Workshop: Performance in a Large Scale Cloud
monday 8.30 - 16.30
Room: Grinding the Crack
This tutorial will focus on what the participants prefer. Any two-three of the following areas regarding Performance in a large scale cloud can be covered with real experiences from Facebook.
Large scale means: more than 1 data center, more than one cluster/data center, more than 10K machines, more than 10 MW of power
What does performance mean: client-side performance is not the topic of this session, server-side, cluster/data-center side (including all comprising pieces) is, reliability, availability and scalability are included
Performance Monitoring: Why - cannot test extensively, need to react/fix problems quickly, Where - every server, every switch, every load balancer, etc., How - no need to save all the data. data != information
Monitoring Part 1 - live demo of dynolog demon: per second data, 300 seconds kept in memory, averages sent to central store, data easily available for collection and analysis
Monitoring Part 2 - Live performance testing: demo instant dyno, principle: control the load on some machines, keep the load at different levels, use existing monitoring to get information
Information: how many users can we serve and at what level, is there a problem, what should be done about it
Smart deployment guards against service/product failures
Performance Analysis - Part 1: find system performance graphs, find what resource is being exhausted, best case scenario - exhausting CPU, memory, disk, network, worst case scenario - system is "latency bound", demo analysis graphs and data for two production systems
Performance Analysis - Part 2: unix based tools: vmstat, isostat, top, ps, strace, php, /proc, several good reference books for optimizing Linux performance, additional tools for analyzing VMs, etc.
Benchmarking: why - because it can identify performance degradation in code as they are made, where - any piece of code that is sensitive to performance or cost, how - many open source tools: JMeter, grinder, FunkLoad, OpenSTA, etc., should run on a nightly basis, results should be analyzed by a human.

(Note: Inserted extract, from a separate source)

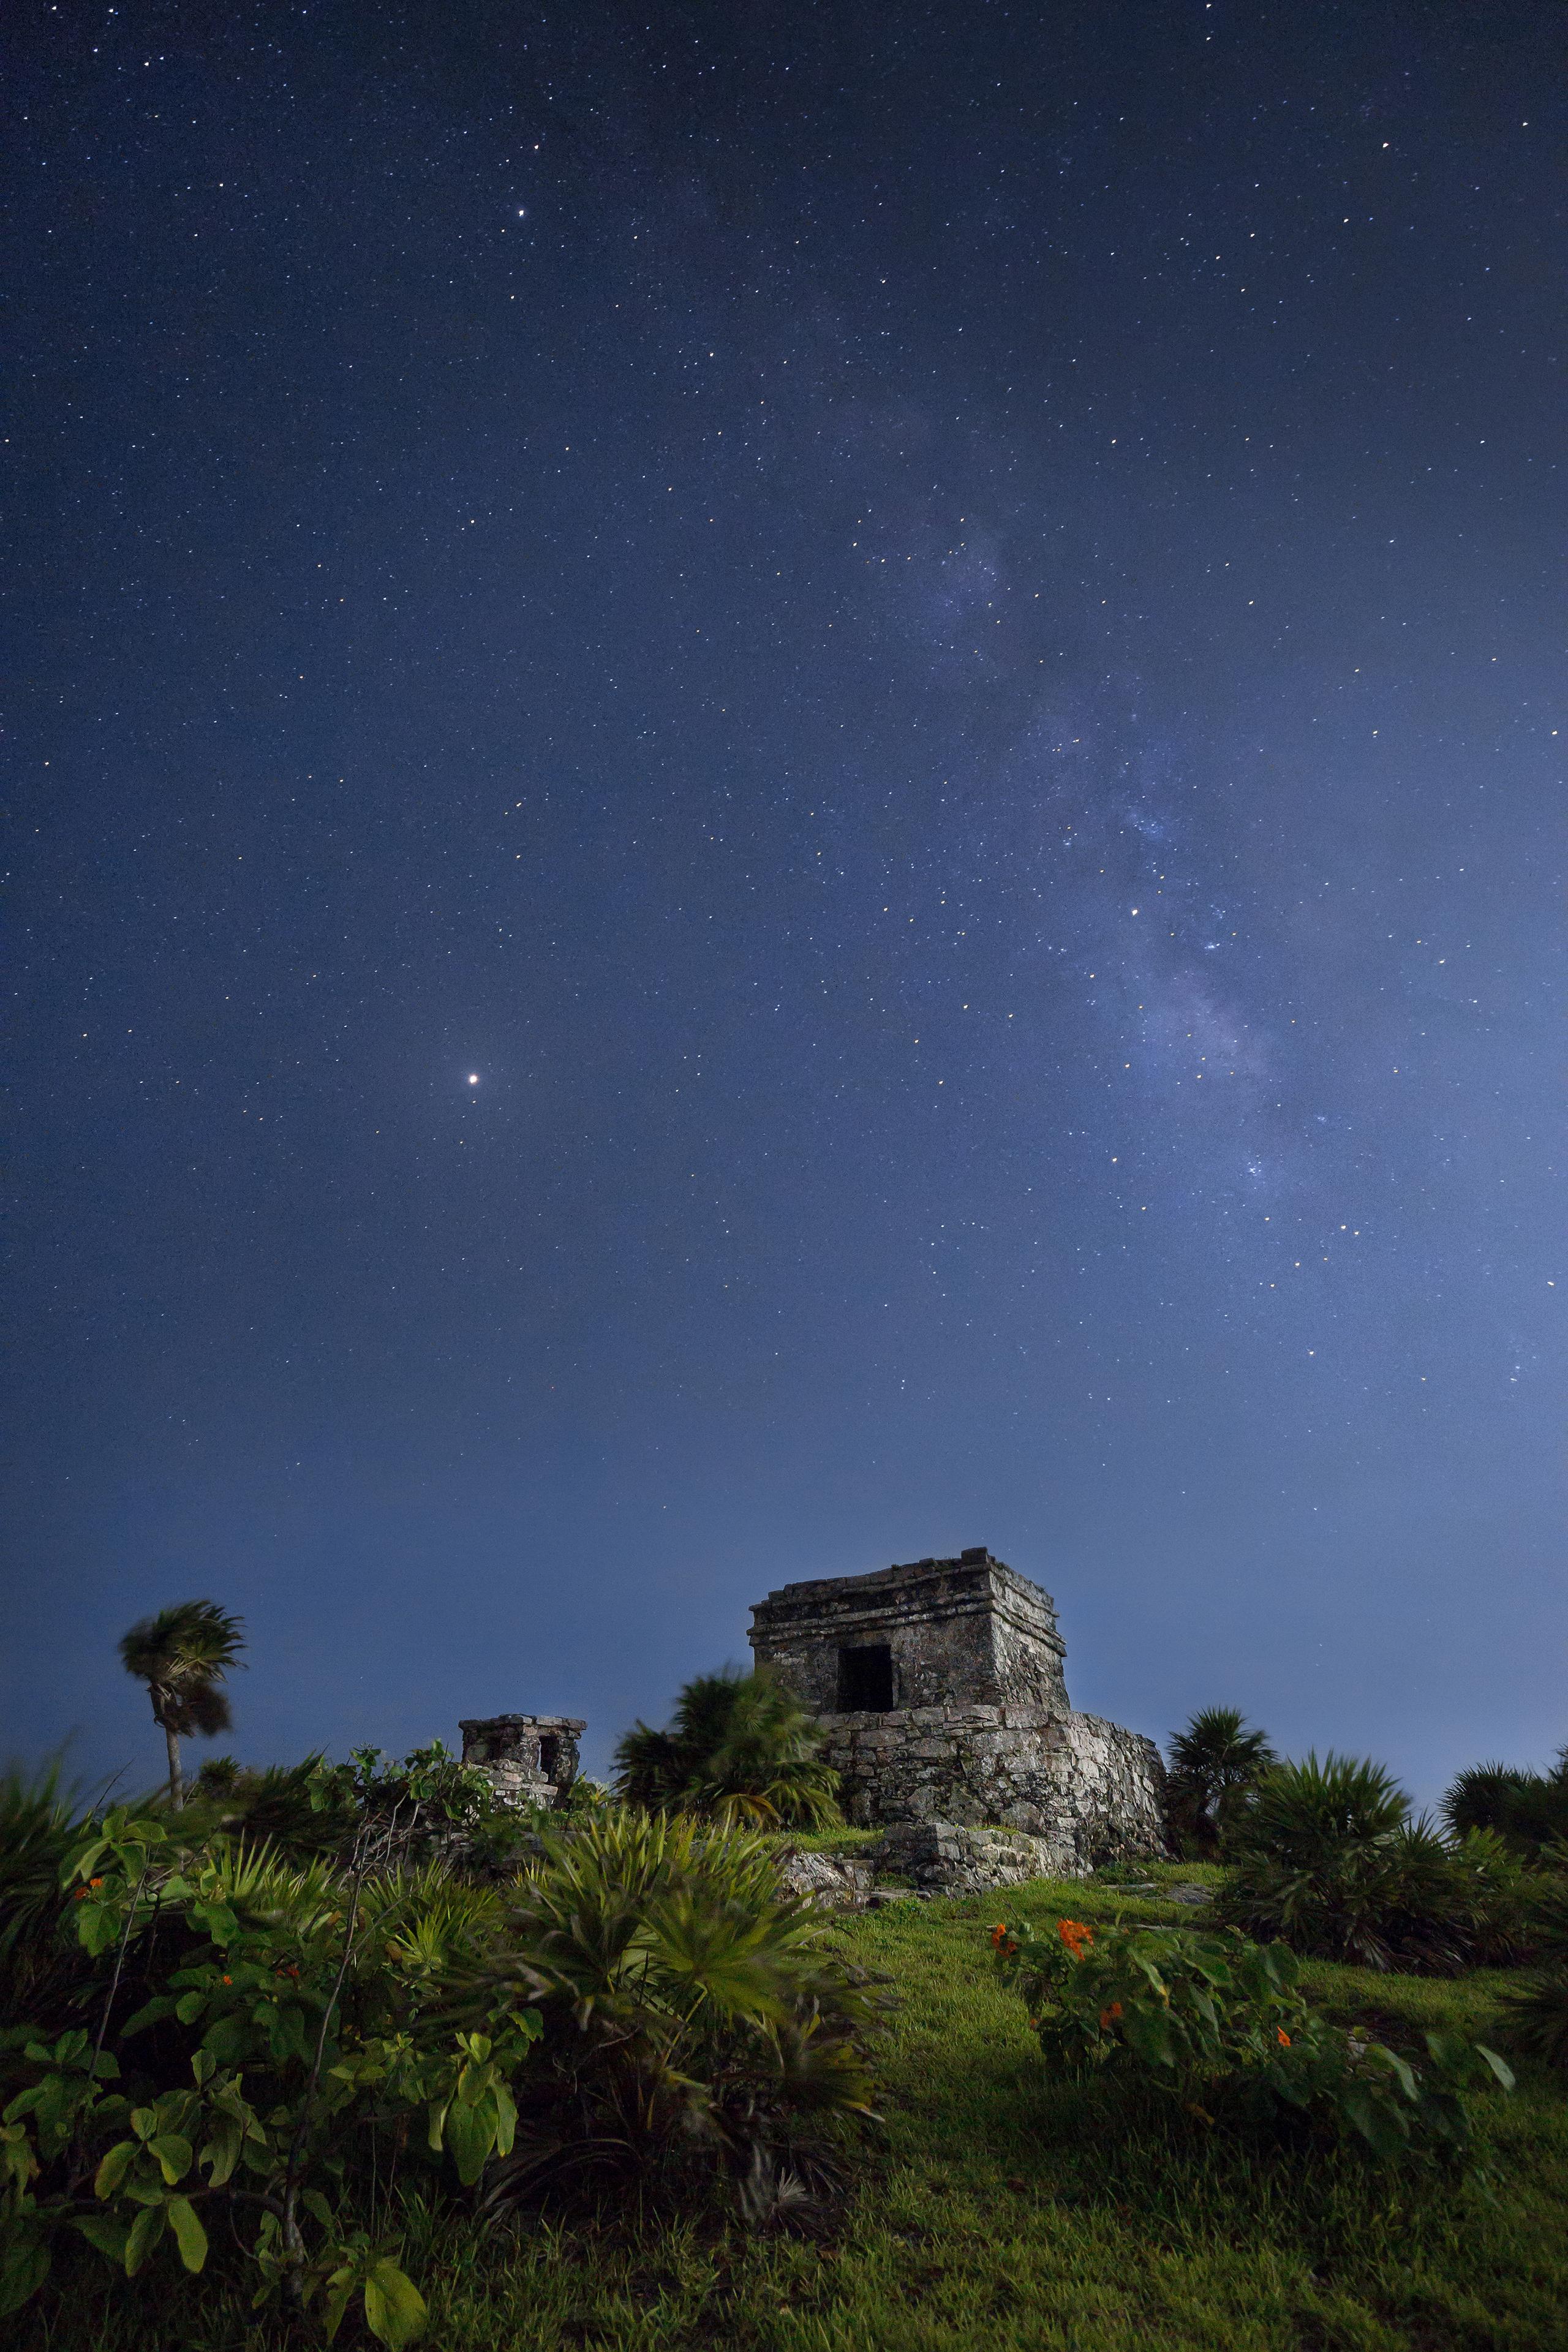 tulum-ruins-stars-2-mexico-sina-falker

Capacity Planning: goal: make sure there is enough capacity to support new features, new users and code degradation, requires planning at least a year ahead, gating factor is (usually) power available
Goranka Bjedov
Goranka Bjedov works as a Capacity Planning Engineer at Facebook. Her main interests include performance, capacity and reliability analysis. Prior to joining Facebook, Goranka has also spent five years performance testing at Google and worked for Network Appliance and AT&T Labs. Prior to that she was a professor at Purdue University. A speaker at numerous testing and performance conferences around the world, Goranka has authored many papers, presentations and two textbooks.